Please repeat only the lines below starting at the line that holds "The Business of" and ending at the line that holds "Dolce & Gabbana", exactly, with both of those lines included and every picture omitted.

### DATA EXTRACTS
········

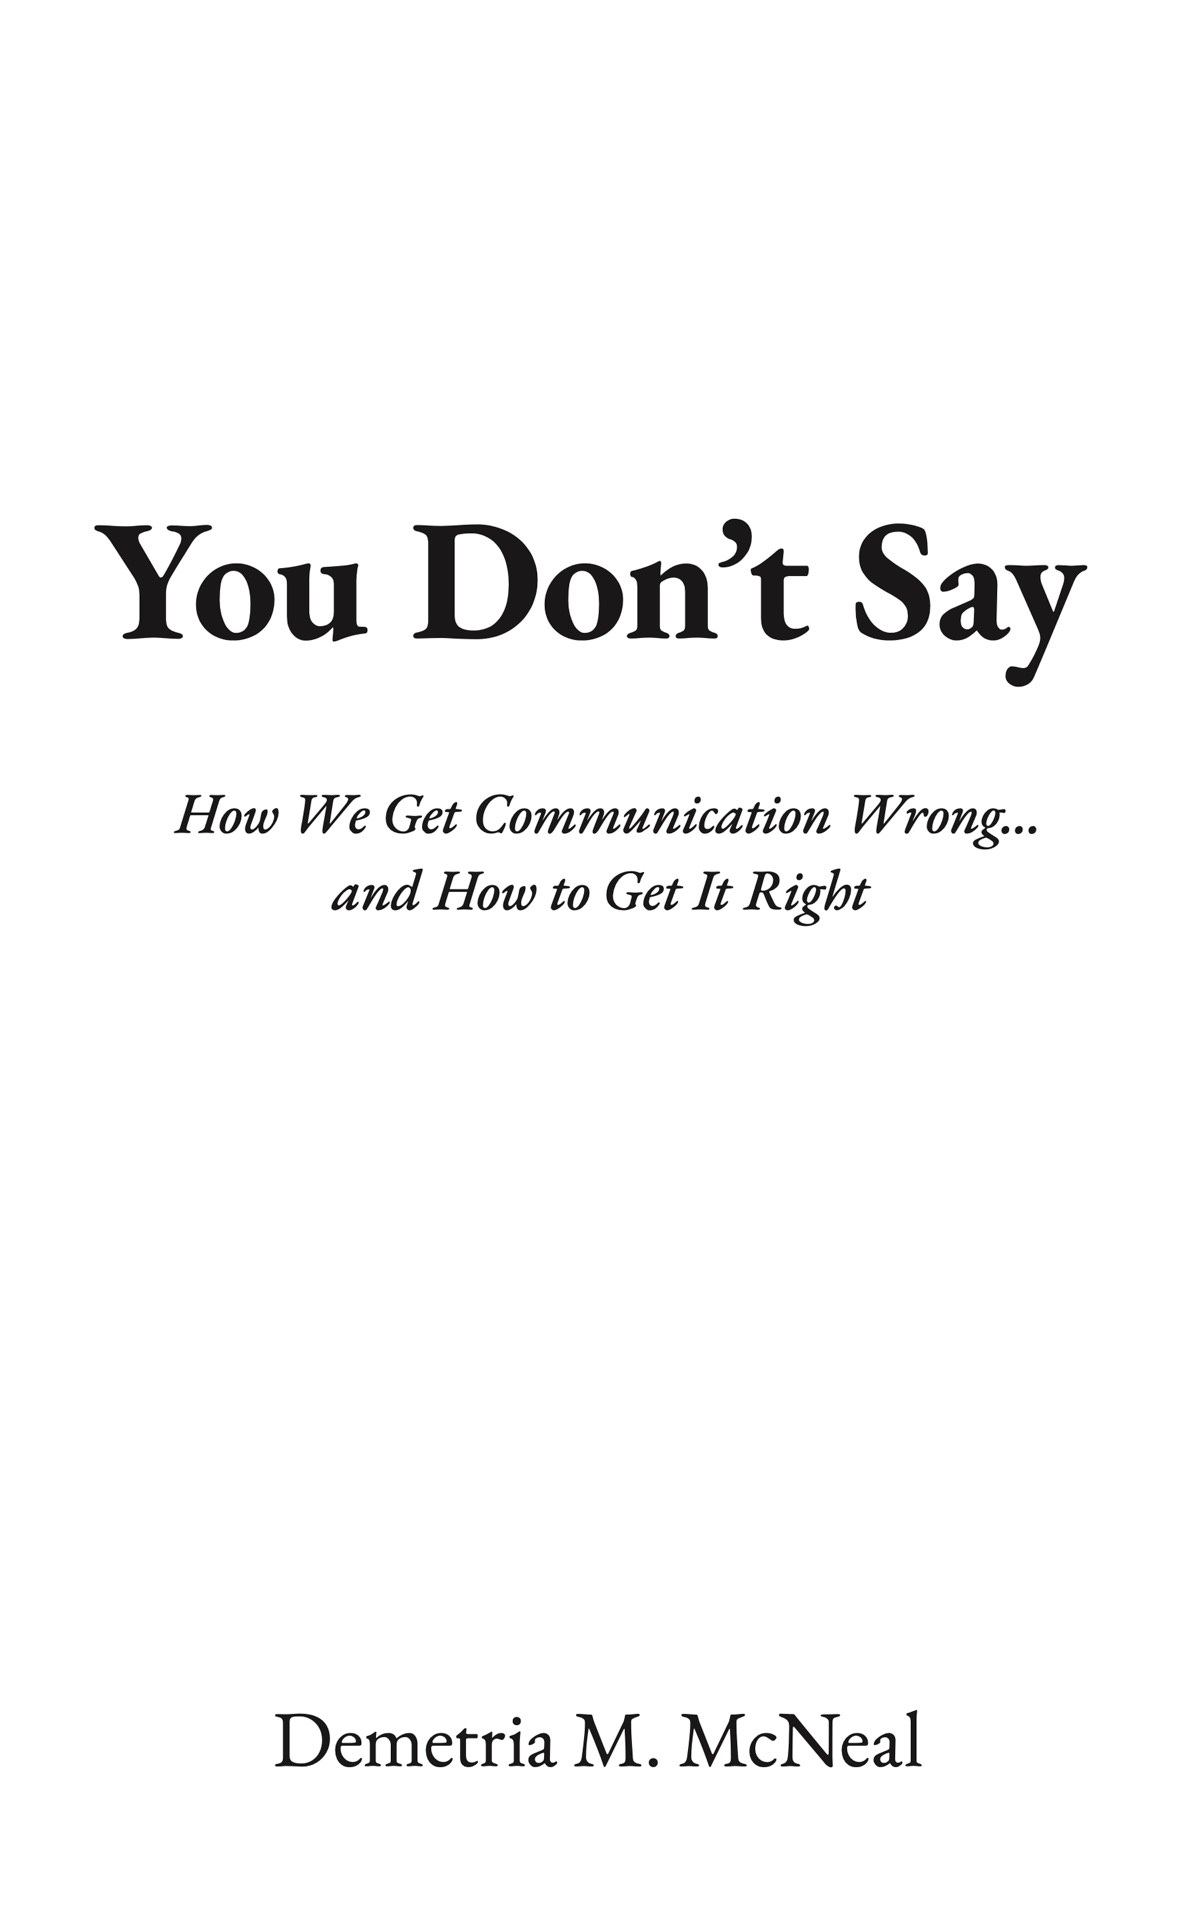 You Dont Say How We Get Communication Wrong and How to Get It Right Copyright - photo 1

········

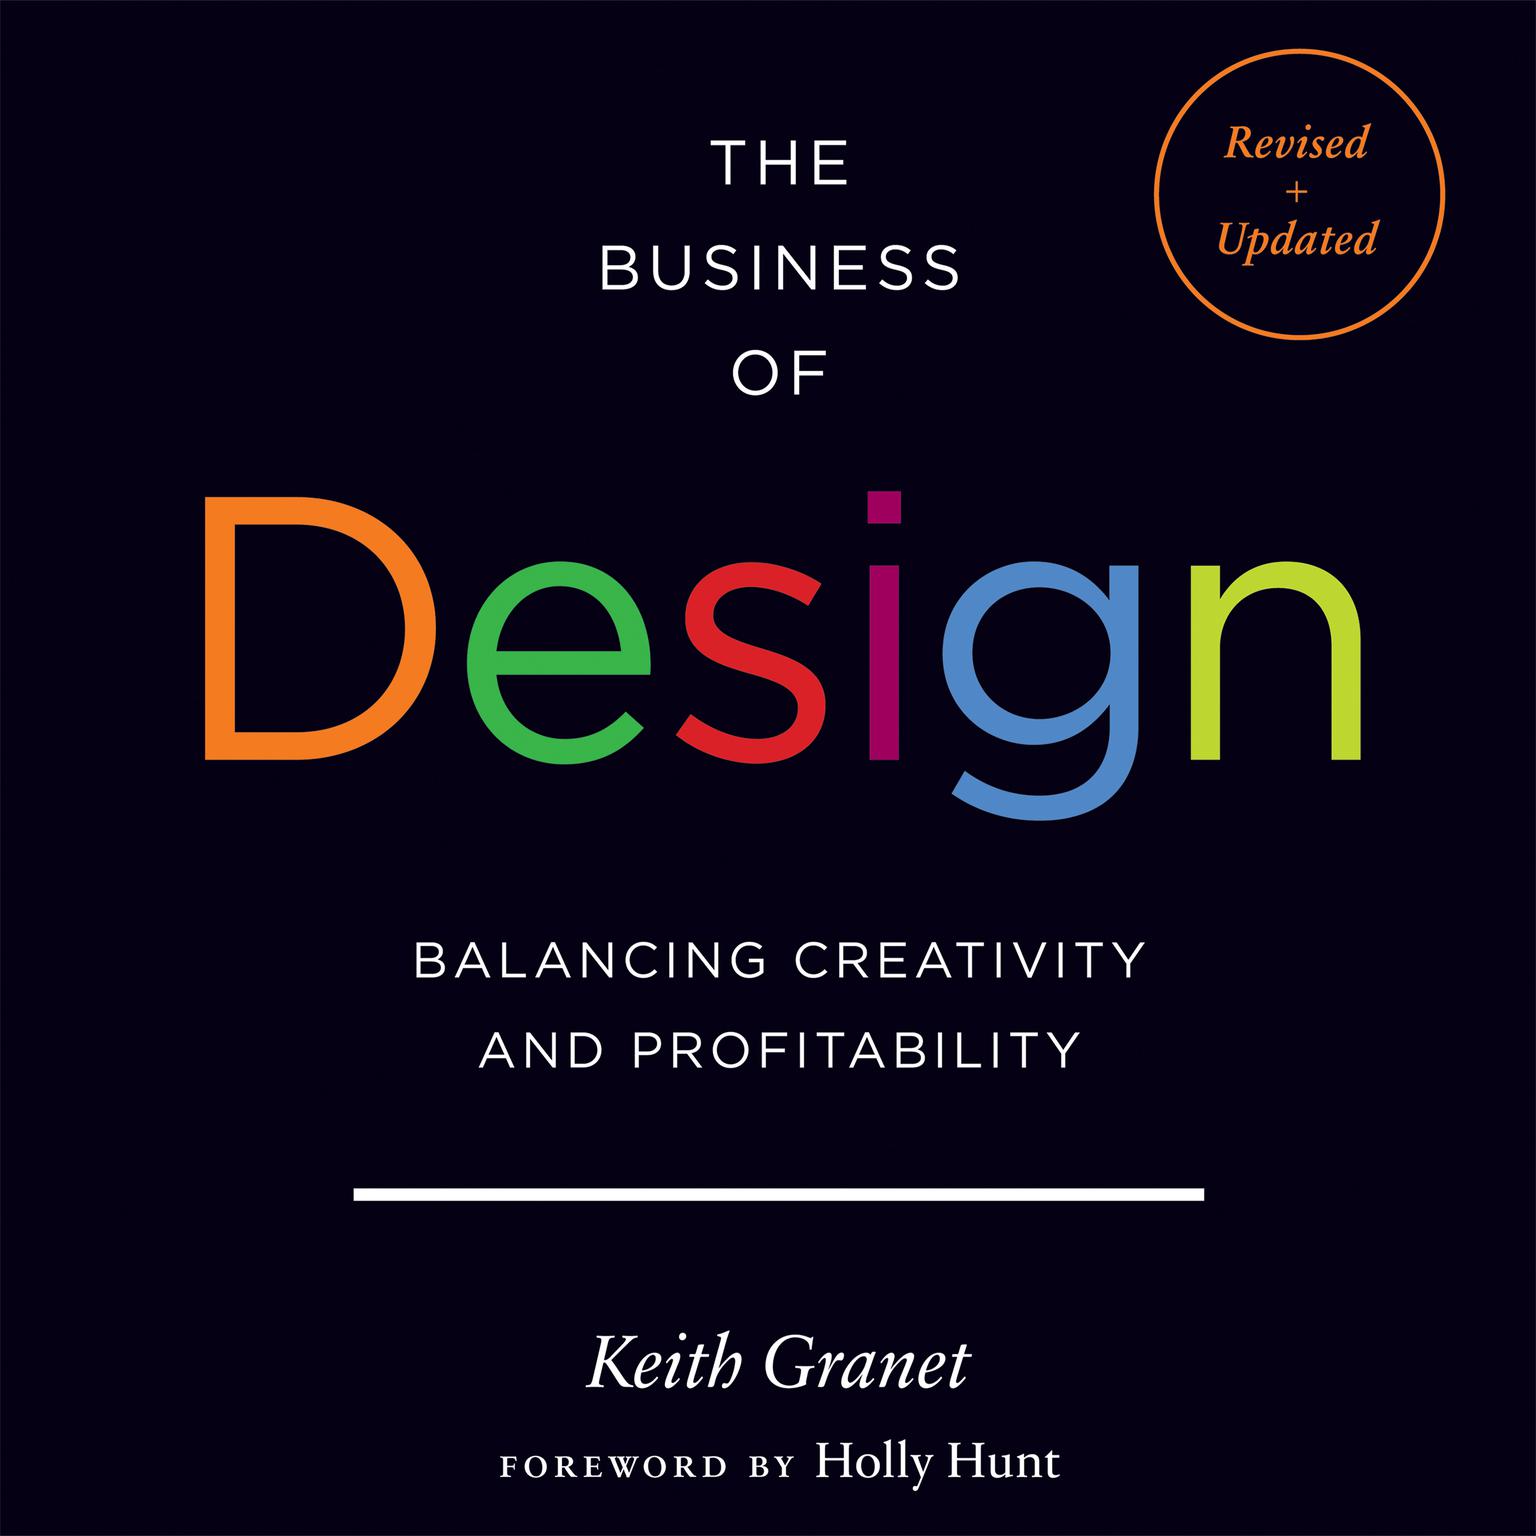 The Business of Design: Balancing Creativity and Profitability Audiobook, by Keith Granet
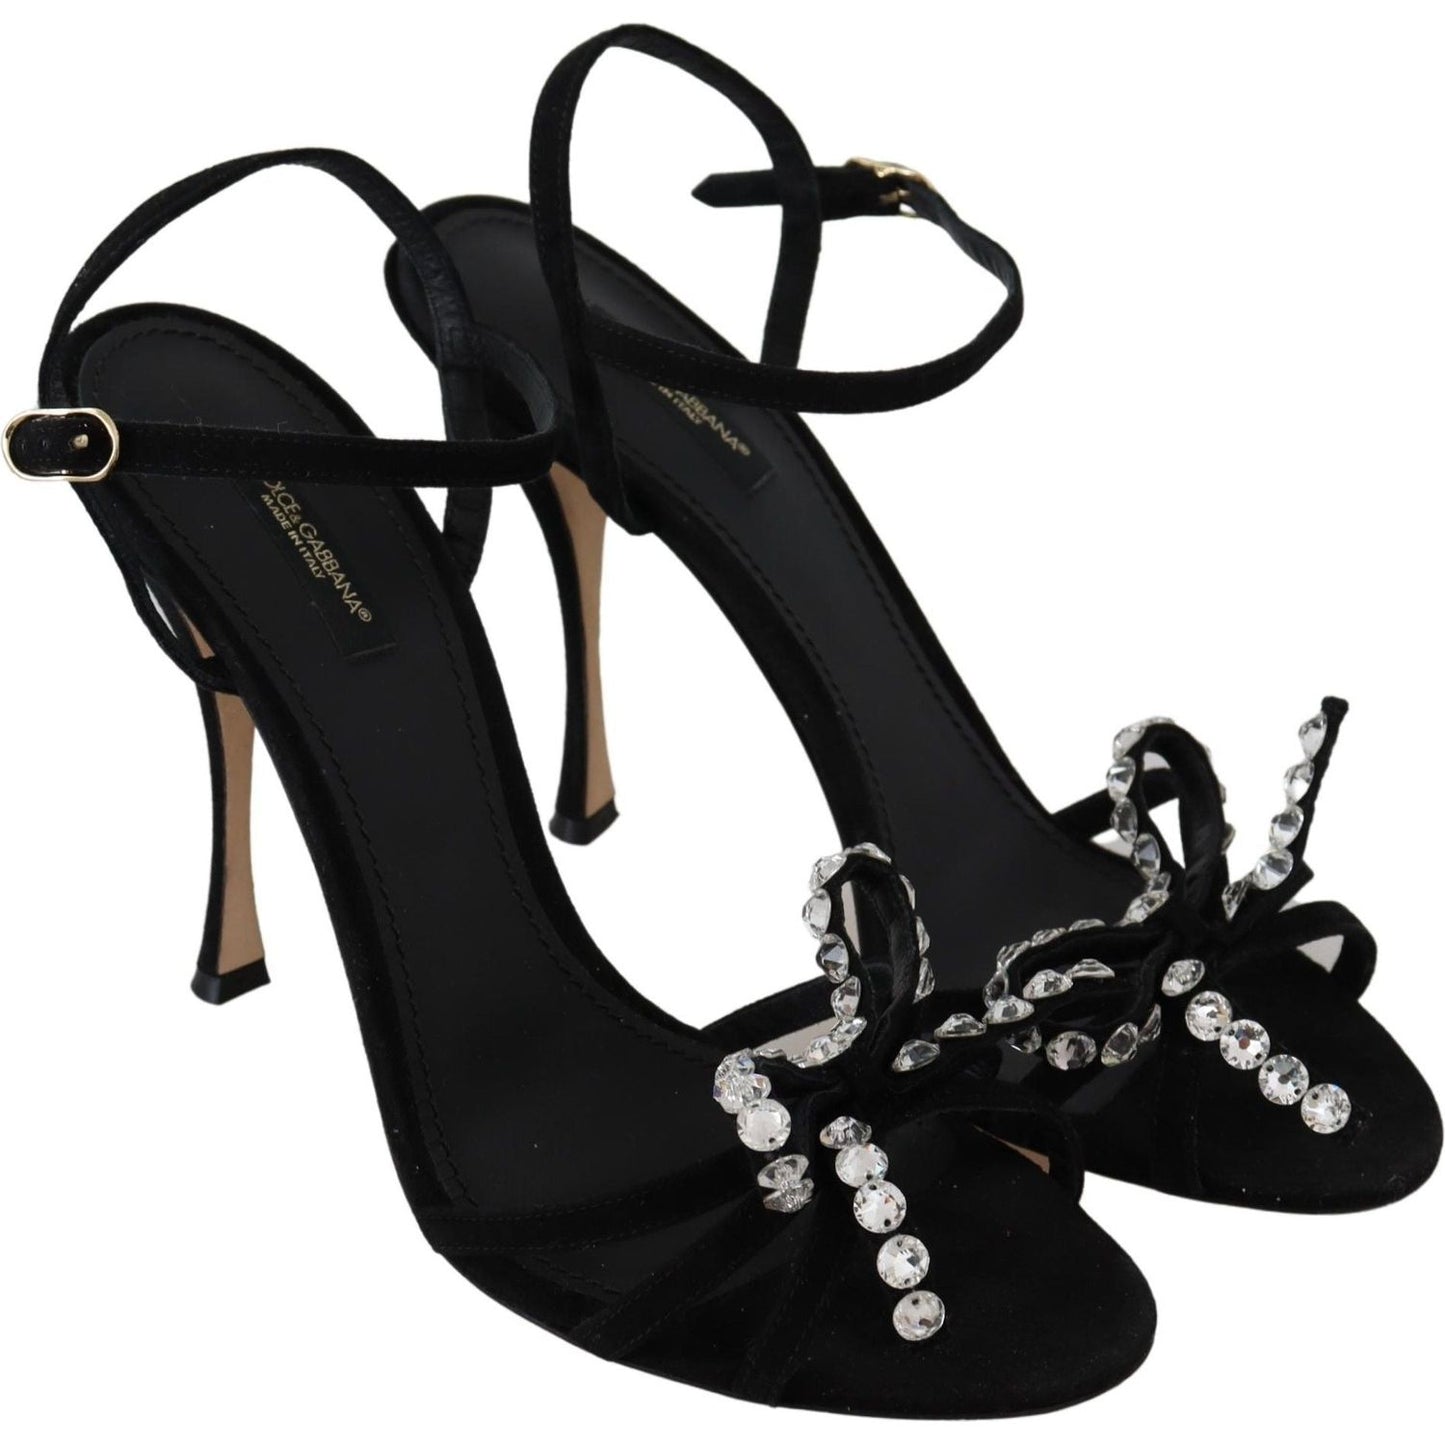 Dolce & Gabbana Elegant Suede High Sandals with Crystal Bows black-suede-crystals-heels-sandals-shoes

········

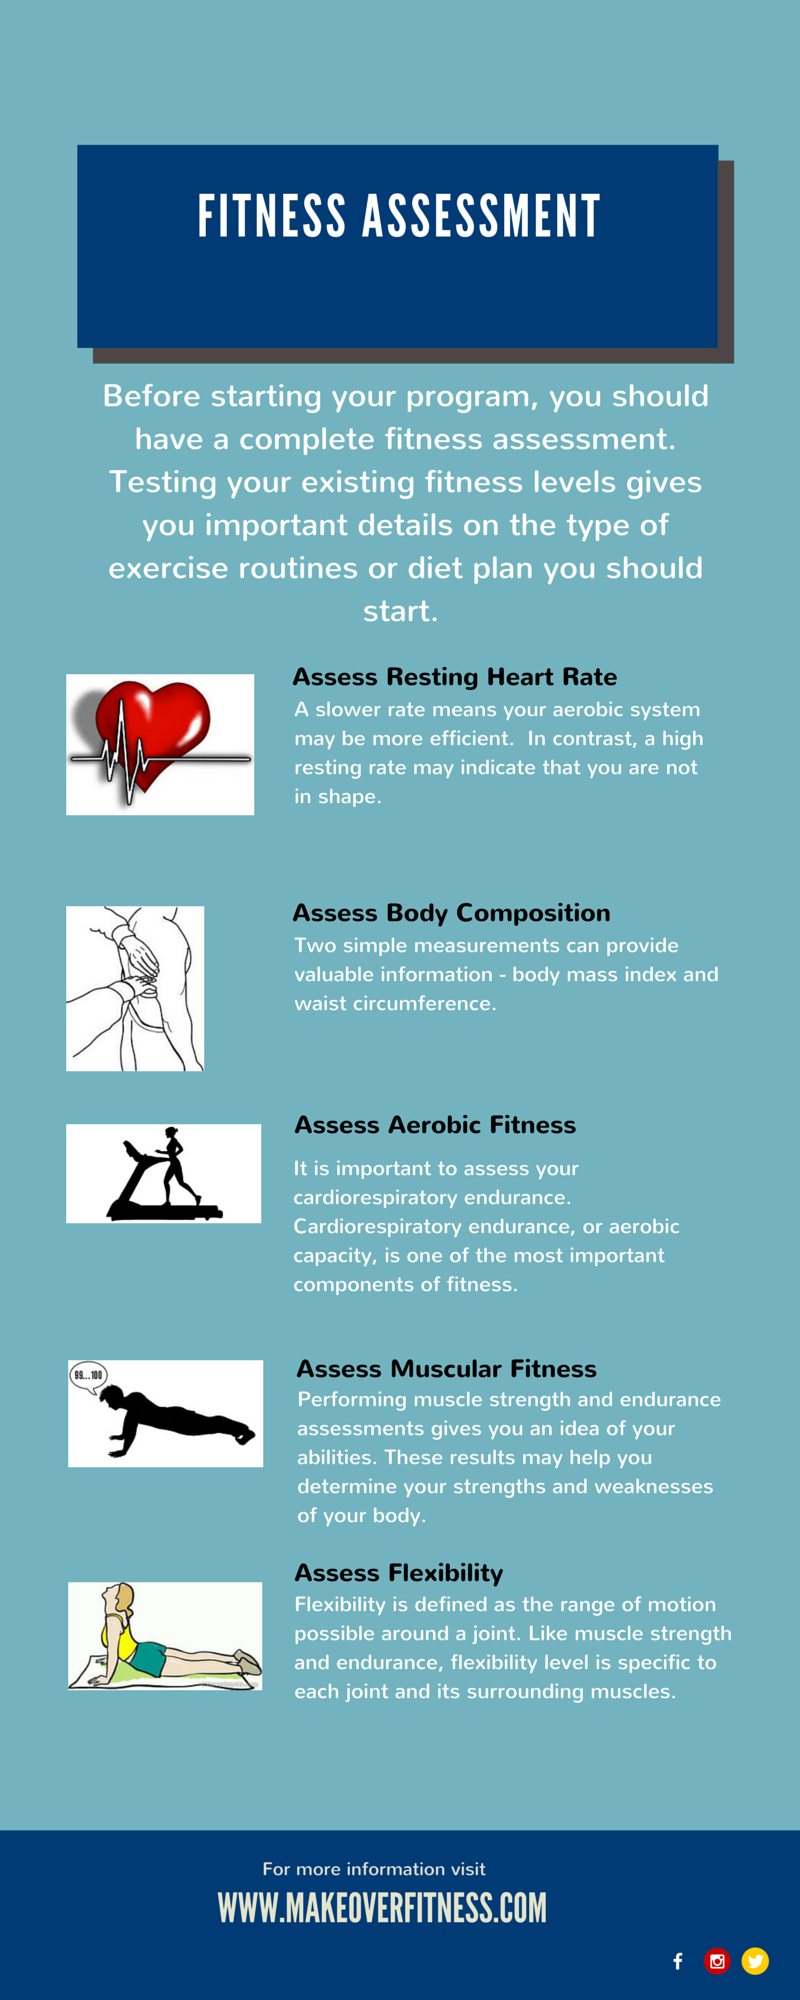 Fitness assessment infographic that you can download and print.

········

### WRITTEN SOLUTION
 The Business of Design: Balancing Creativity and Profitability Audiobook, by Keith Granet
 Dolce & Gabbana Elegant Suede High Sandals with Crystal Bows black-suede-crystals-heels-sandals-shoes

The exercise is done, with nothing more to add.